Goal of the exercise:
Below this line are records; write out exactly the lines from the one containing "Villa en venta" through the one containing "jquery 多种支持手机客户端、触摸屏滑动样式幻灯", with the pictures left out.

Records supplied:
======
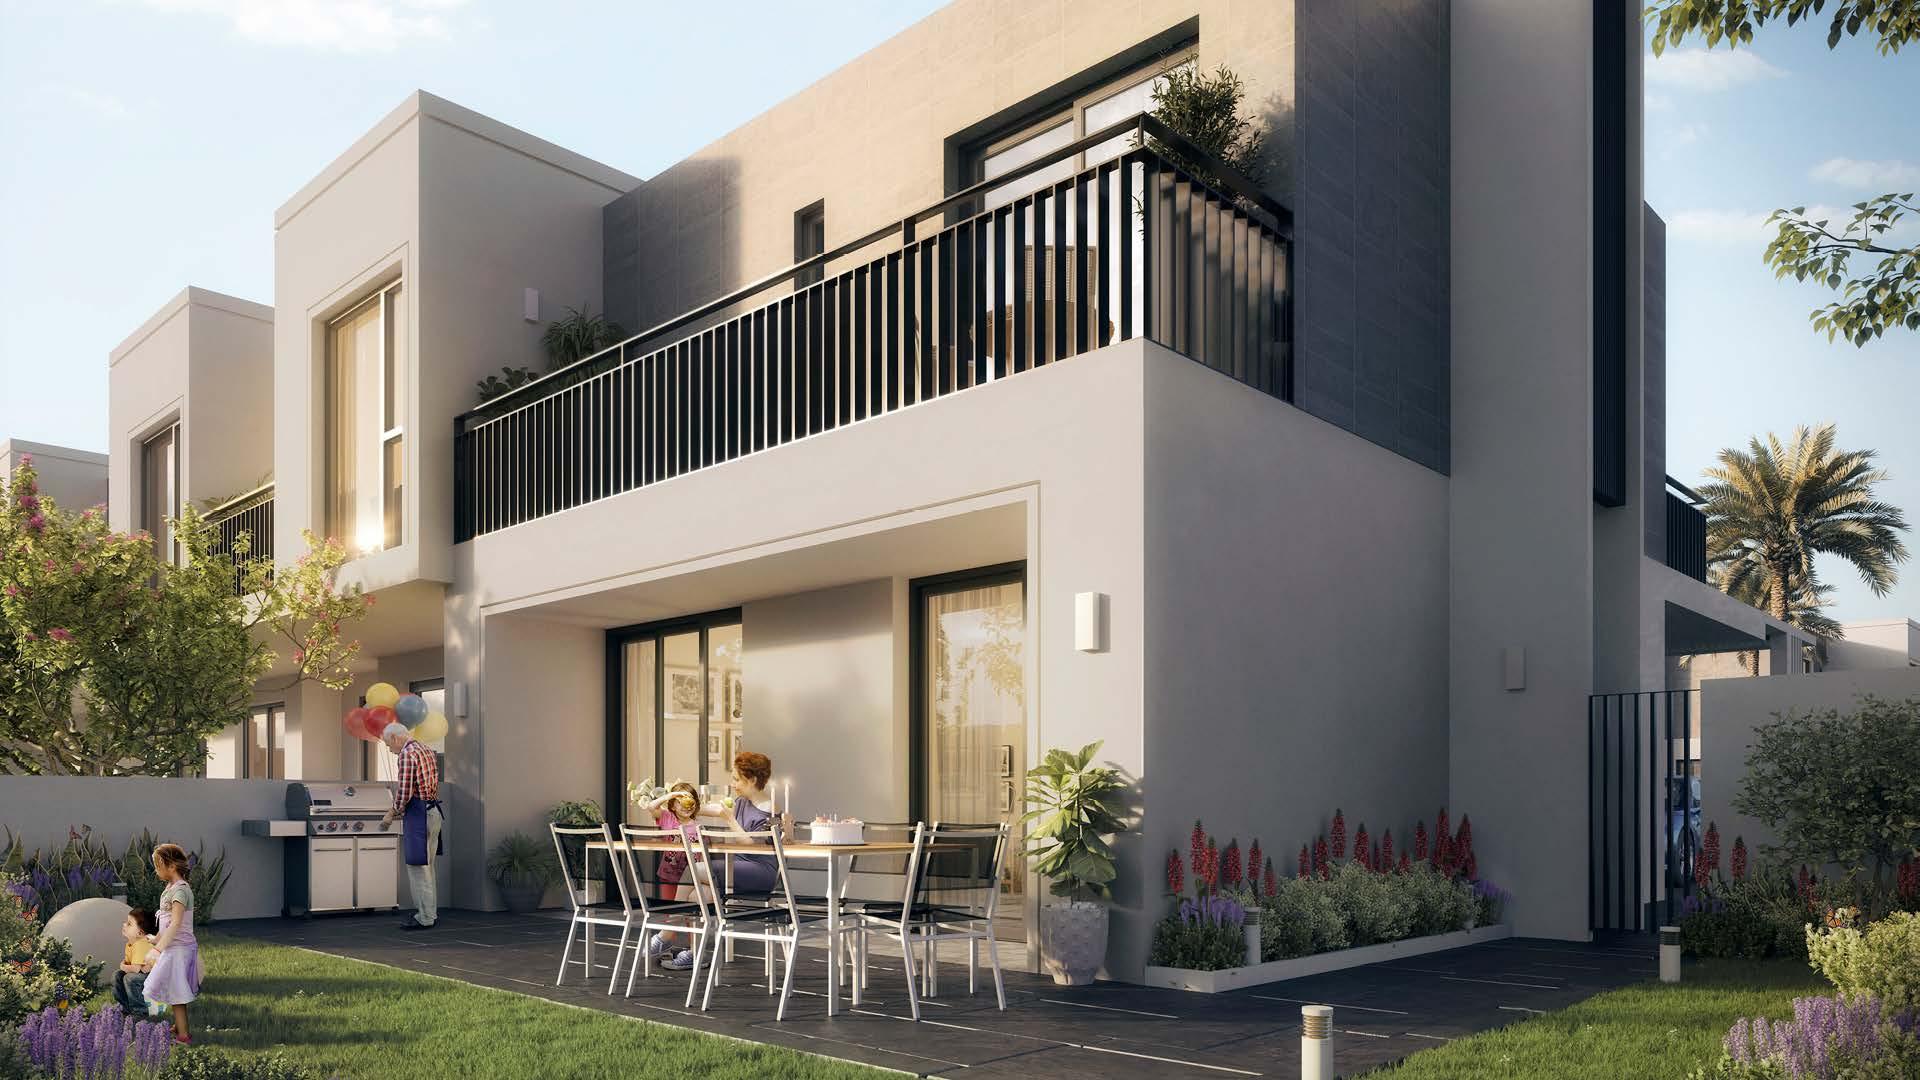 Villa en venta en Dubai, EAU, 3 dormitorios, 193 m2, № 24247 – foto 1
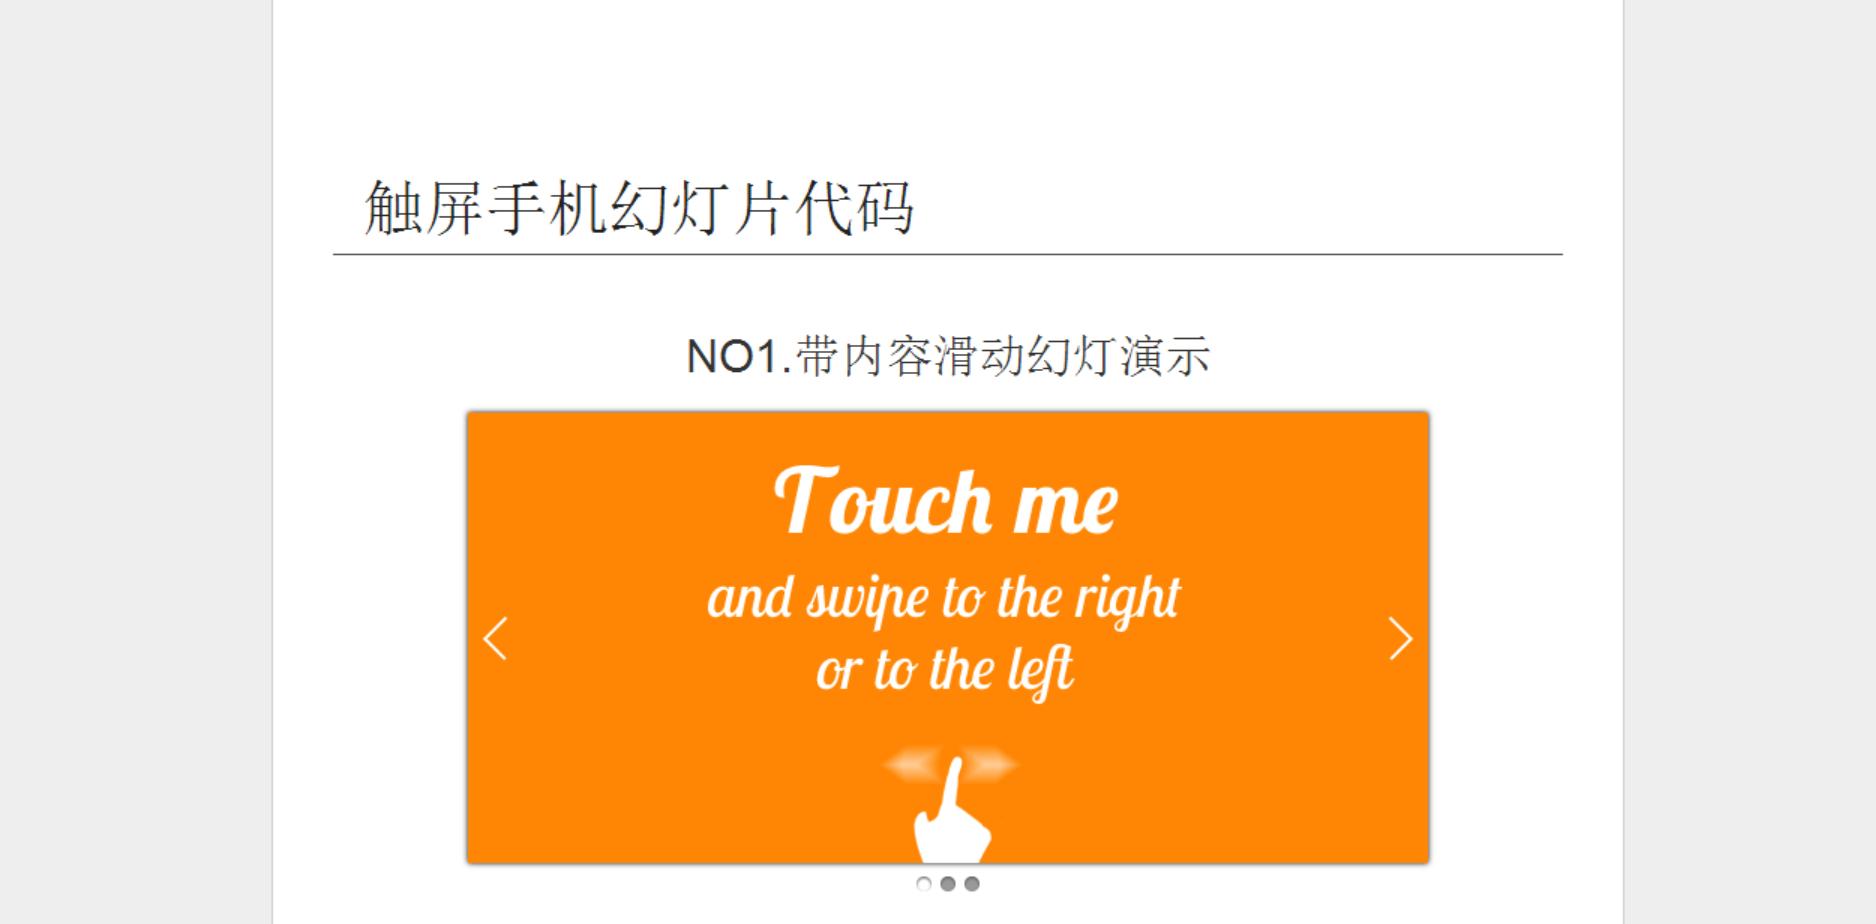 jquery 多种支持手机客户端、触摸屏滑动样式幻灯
======
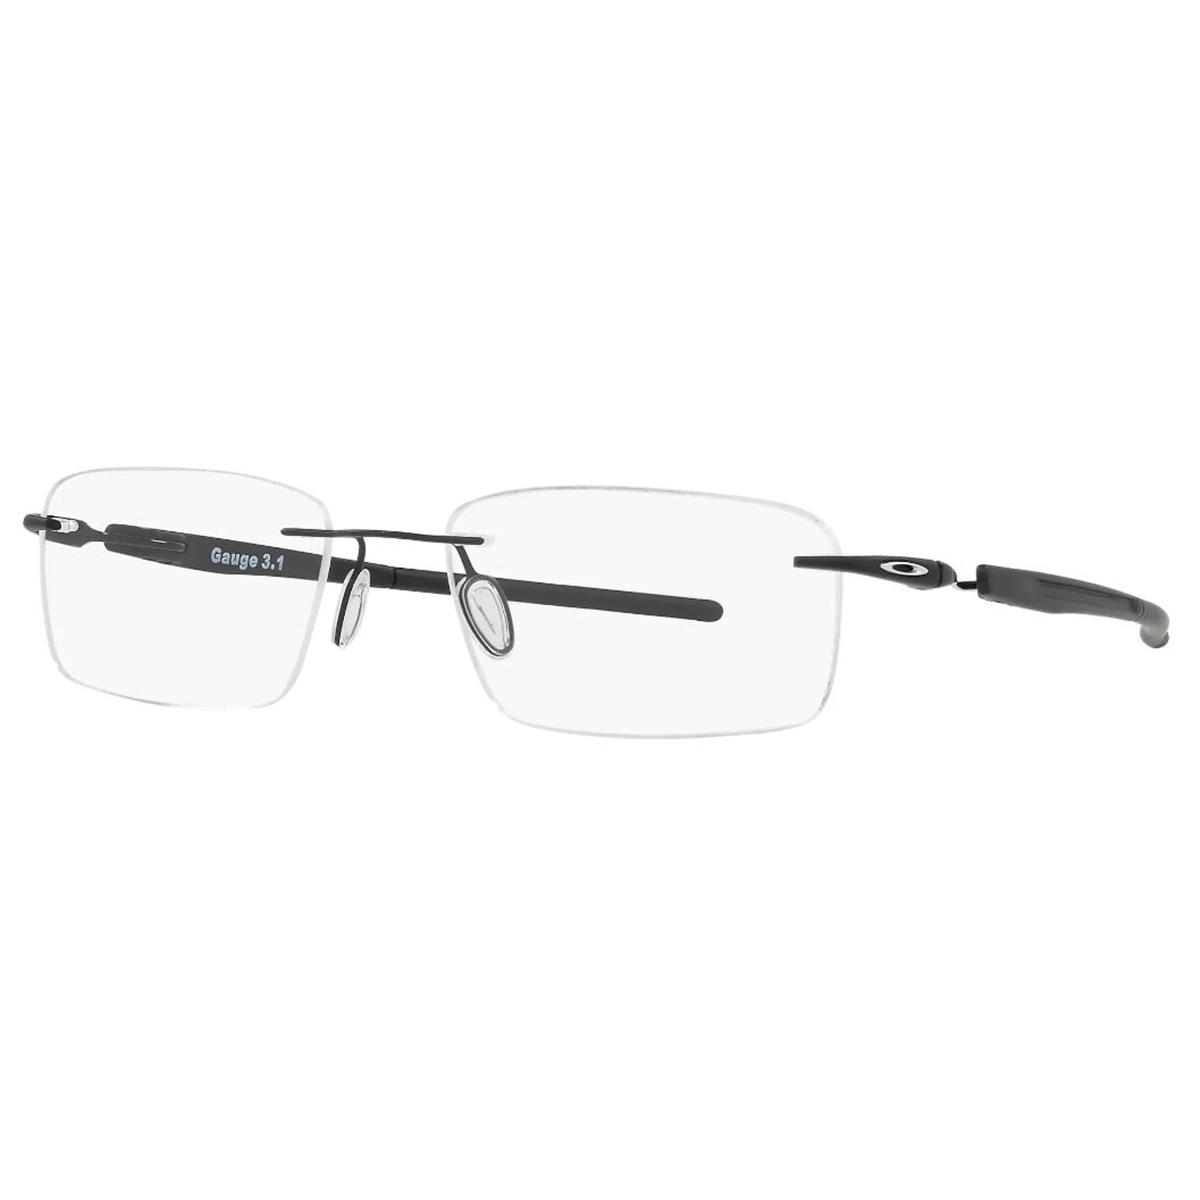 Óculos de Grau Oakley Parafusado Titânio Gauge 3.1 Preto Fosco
======
Problem solution:
 Villa en venta en Dubai, EAU, 3 dormitorios, 193 m2, № 24247 – foto 1
 jquery 多种支持手机客户端、触摸屏滑动样式幻灯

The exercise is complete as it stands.